____ STORED DATA

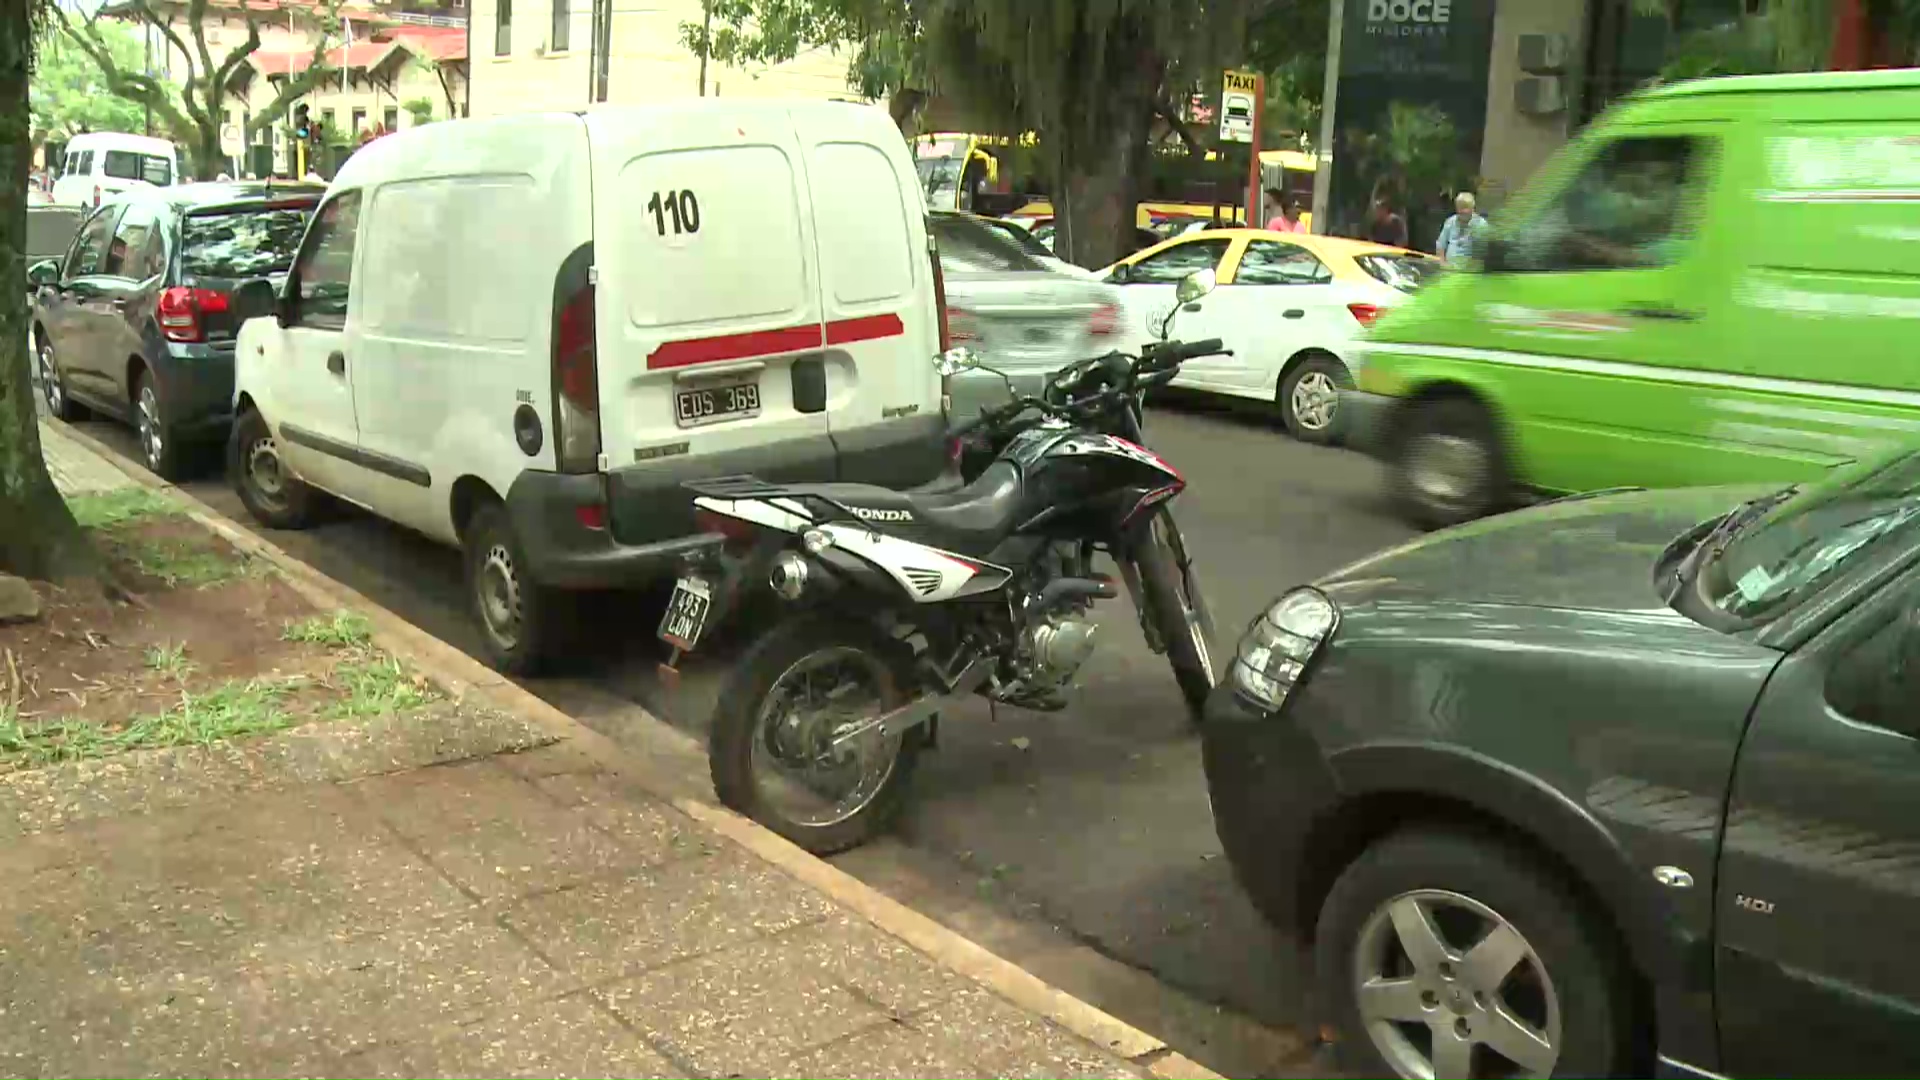 Concejal afirma que no existe ordenanza para multar a motos que estacionen fuera de los lugares asignados
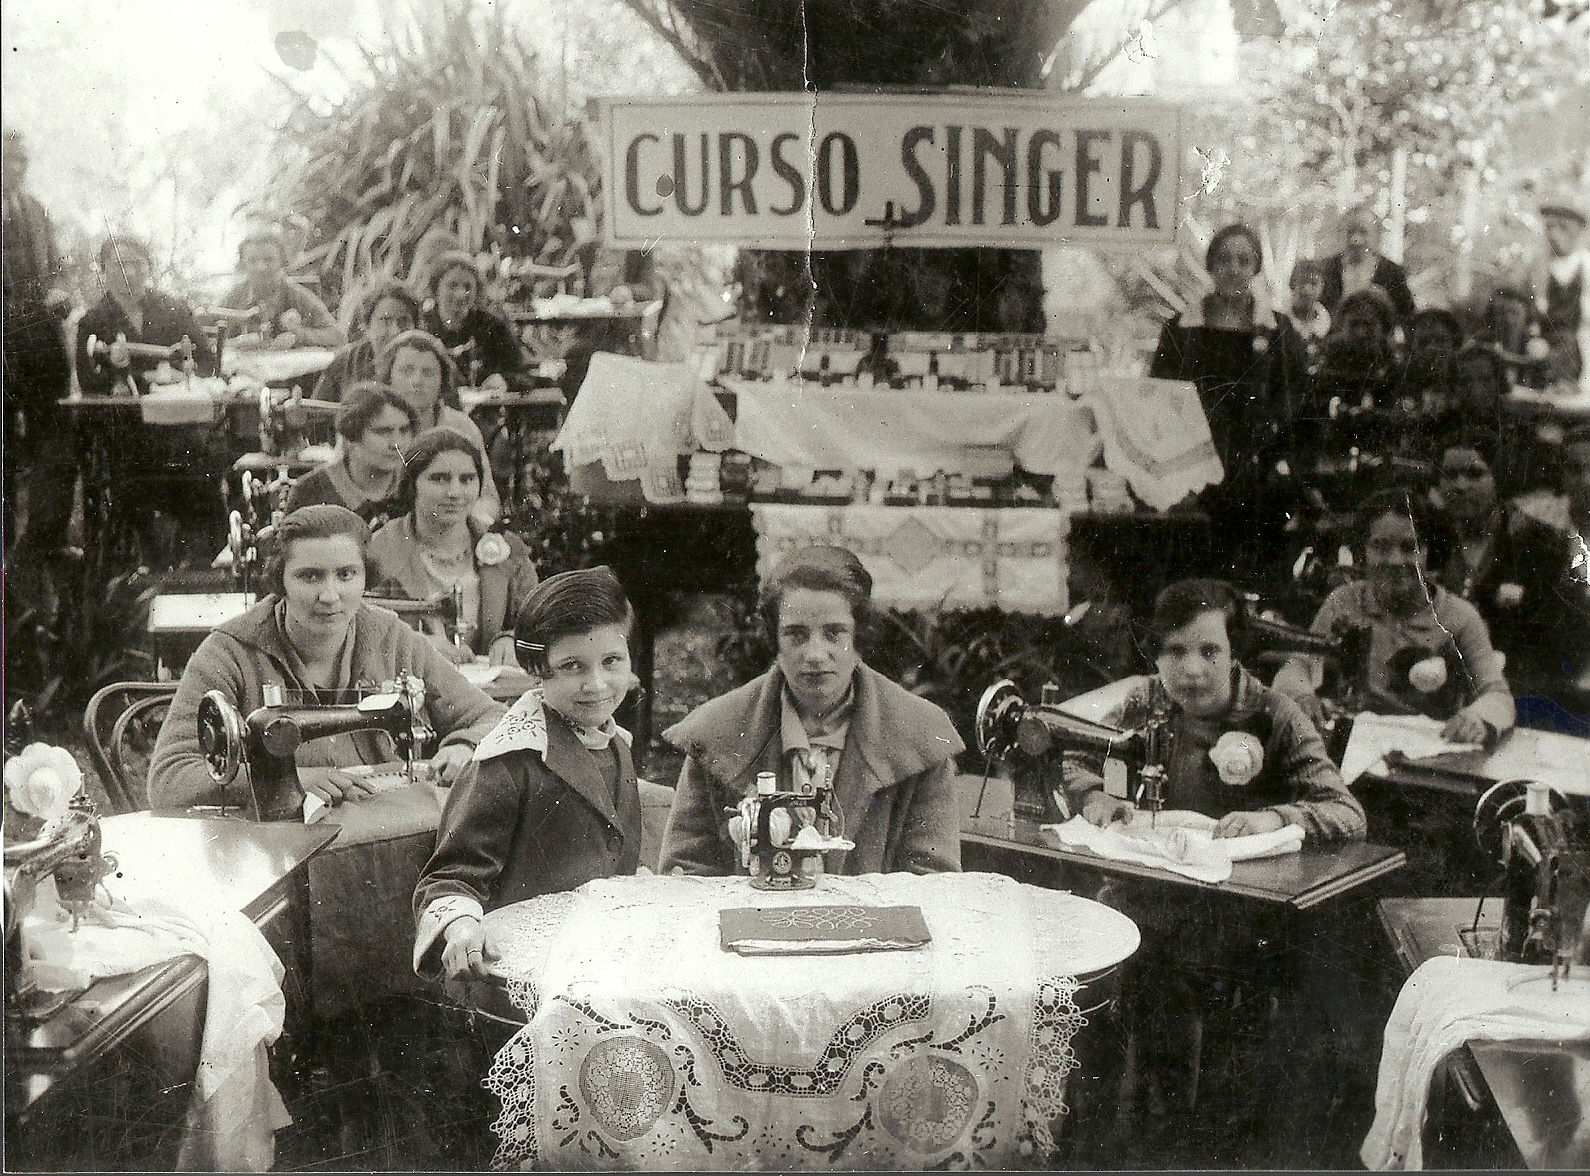 Curso de bordado e de máquinas de coser, patrocinado pola marca Singer en Lourenzá, en 1946. Na foto, cedida polo Concello, vemos un grupo formado só por mulleres, as únicas destinatarias deste tipo de formación naquela época.
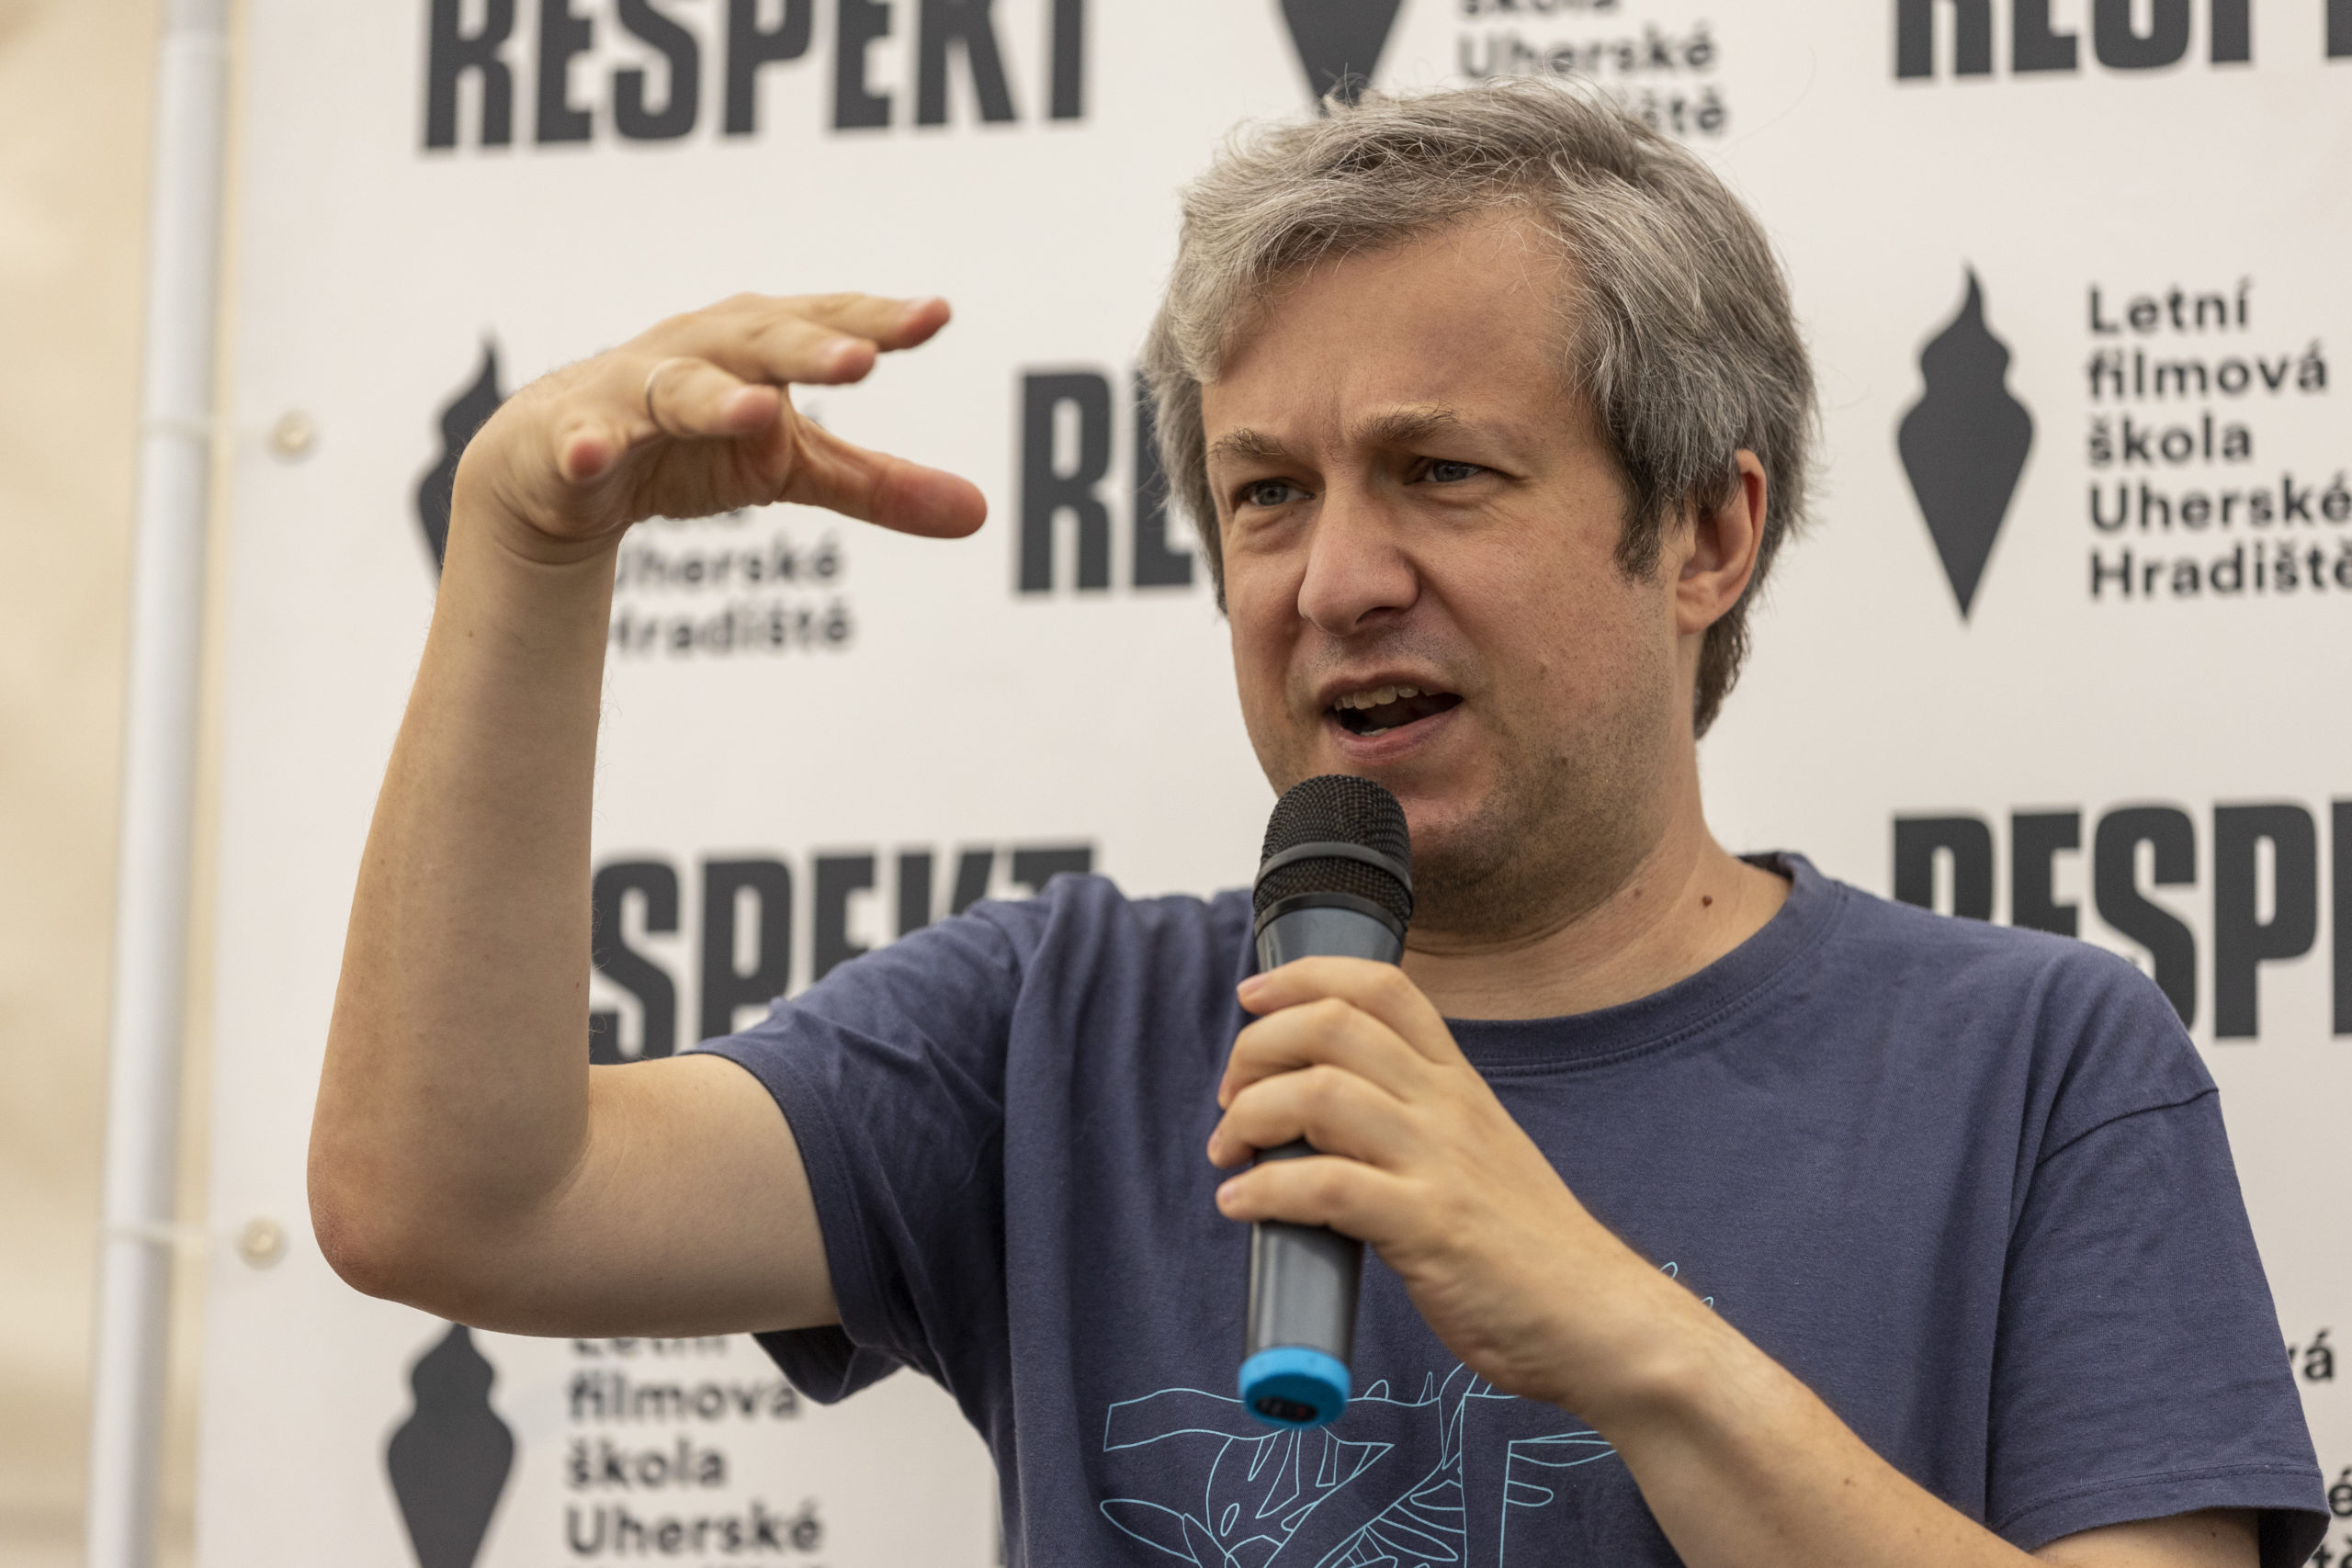 Ukrajinci mají na bojkot ruských filmů právo, říká ruský filmový kritik
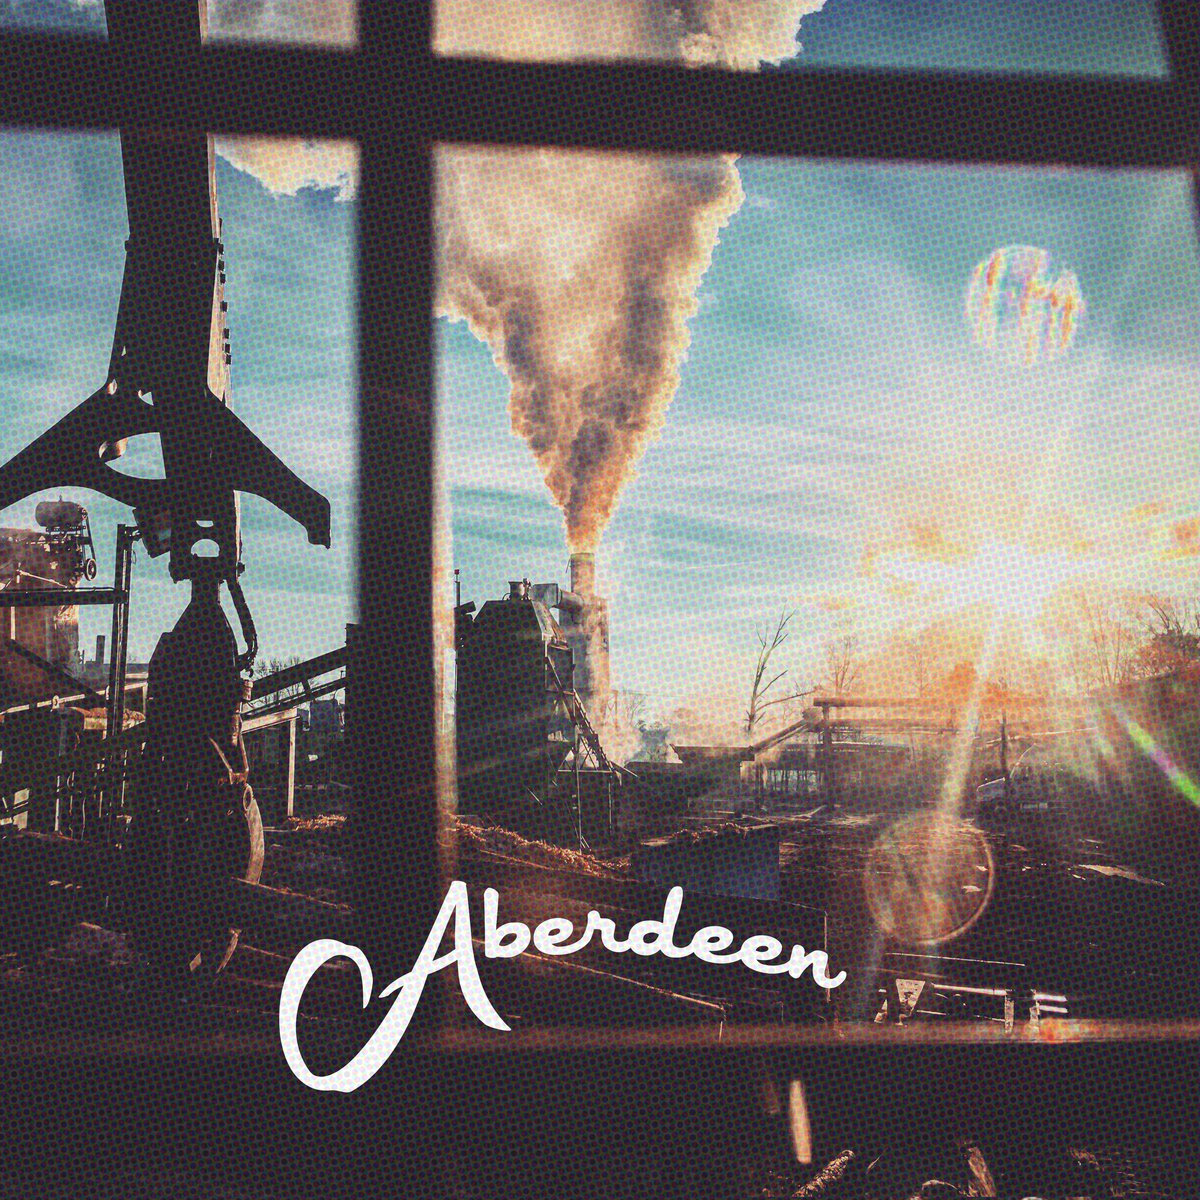 Lost Lander - Aberdeen

________

_TASK STATEMENT_
Copy the listing exactly. Leave the pictures out.

_TASK RESPONSE_
 Concejal afirma que no existe ordenanza para multar a motos que estacionen fuera de los lugares asignados
 Curso de bordado e de máquinas de coser, patrocinado pola marca Singer en Lourenzá, en 1946. Na foto, cedida polo Concello, vemos un grupo formado só por mulleres, as únicas destinatarias deste tipo de formación naquela época.
 Ukrajinci mají na bojkot ruských filmů právo, říká ruský filmový kritik
 Lost Lander - Aberdeen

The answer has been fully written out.